Czolgosz traveled to Buffalo, New York, on August 31, 1901, during the Pan-American Exposition in that city. The U.S. President William McKinley was greeting the public in a receiving line inside the Temple of Music at the Exposition on the afternoon of September 6. Czolgosz advanced through the line and shot McKinley twice in the abdomen. McKinley died eight days later from the infected wound, and Vice-President Teddy Roosevelt advanced to the Presidency. Czolgosz was convicted, sentenced to death, and electrocuted. His last words were "I killed the President because he was the enemy of the good people—the good working people. I am not sorry for my crime."

Emma Goldman was arrested on suspicion of involvement in the assassination, but released due to insufficient evidence. She later wrote an article in which she called McKinley "president of the money kings and trust magnates."

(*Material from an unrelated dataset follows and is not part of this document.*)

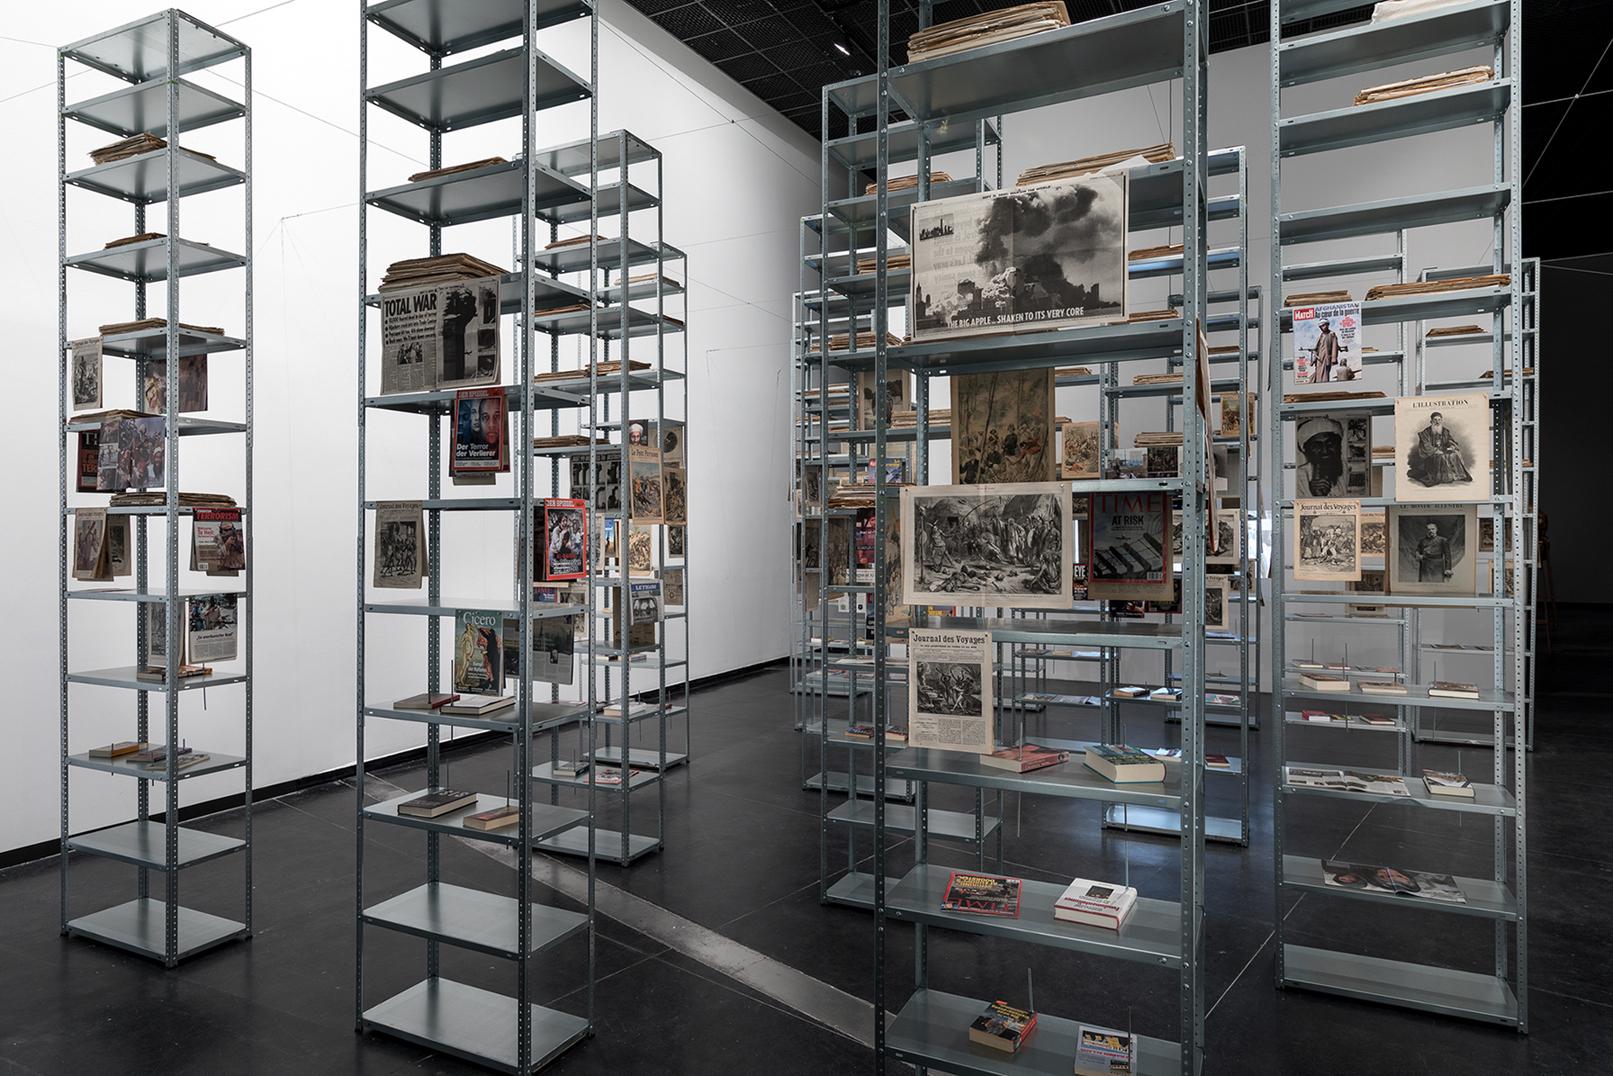 Kader Attia • Australian Centre for Contemporary Art

Lexington Avenue Bombing, 1 October 1910

Francesco Ferrer i Guàrdia was a Spanish free-thinker and anarchist. In 1901 Guàrdia opened the Escuela Moderna or the Modern School to teach radical social values to middle-class children. In 1909 martial law was declared in Spain, and Guàrdia was arrested, found guilty of sedition in a lengthy trial, and executed by firing squad in Barcelona on 13 October.

In 1910 a group of prominent American anarchists and socialists including Emma Goldman and Alexander Berkman founded the Francisco Ferrer Association, "to perpetuate the work and memory of Francisco Ferrer." In 1911 they opened The Modern School, also called the Ferrer Center, at #6 Saint Marks Place. That's the mustard yellow building seen in this picture.

St Marks Place
in the
East Village

The artist Man Ray was a student when the school first opened. The faculty included the philosopher Will Durant, the artist George Bellows, and the writers Jack London and Upton Sinclair.

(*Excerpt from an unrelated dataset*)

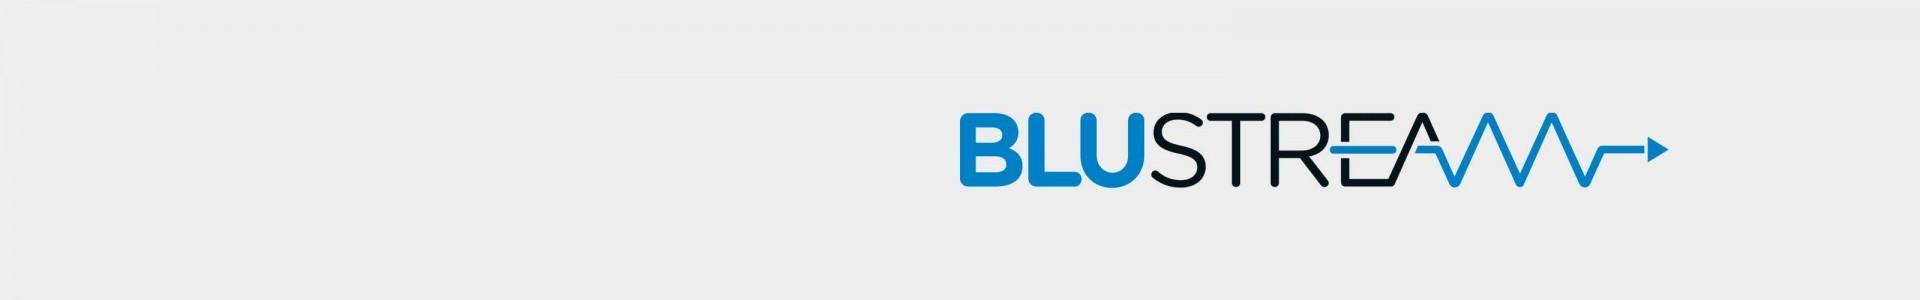 Matrices Vídeo Blustream en Avacab - Calidad al mejor precio

The Anarchist Black Cross had been founded in Russia between 1900 and 1905, with branches operating throughout the Russian Empire and, within a few years, among immigrant communities in England and the U.S. In July of 1914, two members of the Latvian section, Charles Berg and Carl Hanson, began plotting with an International Workers of the World member, Arthur Caron, to plant a dynamite bomb at John D. Rockefeller's home in Tarrytown, New Jersey.

They met at the Ferrer Center to make their plans, joined by Charles Plunkett and the Center's co-founder Alexander Berkman. Berkman was already on probation for his attempted assassination of the industrialist, financier, and art patron Henry Clay Frick, so he stayed behind the scenes.

#6 St Marks Place, East Village, New York, former site of Ferrer Center or Modern School.

Berg, Hanson, and Caron collected dynamite and stored it in the apartment of Louise Berger, another Anarchist Black Cross member. Her apartment was on the sixth floor of a building at 1626 Lexington Avenue, between 102nd Street and 103rd Street in East Harlem. She left the apartment on the morning of 4 July 1914 just 15 minutes before the dynamite exploded.

The upper three floors of the building were wrecked, and the three central plotters were killed along with Marie Chavez, who was uninvolved in the plot and simply had the misfortune to have rented a bedroom in an apartment otherwise occupied by bomb-making anarchists. Furniture was thrown hundreds of feet through the air. Twenty other people were injured, seven of them hospitalized.

This apartment building now at 1626 Lexington Avenue is the one built in place of the one wrecked by the anarchists' bomb. Ελληνικη Ορθωδοξος Εκκλησια Αγιοι Γεωργιος και Δημητριος or the Hellenic Orthodox Church of Saints George and Demetrius is on its north side. It was originally built in 1891 as the Blinn Memorial Methodist Episcopal Church, it survived the explosion next door.

1626 Lexington Avenue between 102nd Street and 103rd Street in East Harlem.

1626 Lexington Avenue, site of an apartment building largely destroyed by an anarchist bomb in 1914.

Lexington Avenue between 102nd Street and 103rd Street in East Harlem.

Other buildings in the neighborhood of the 1914 anarchist bomb explosion.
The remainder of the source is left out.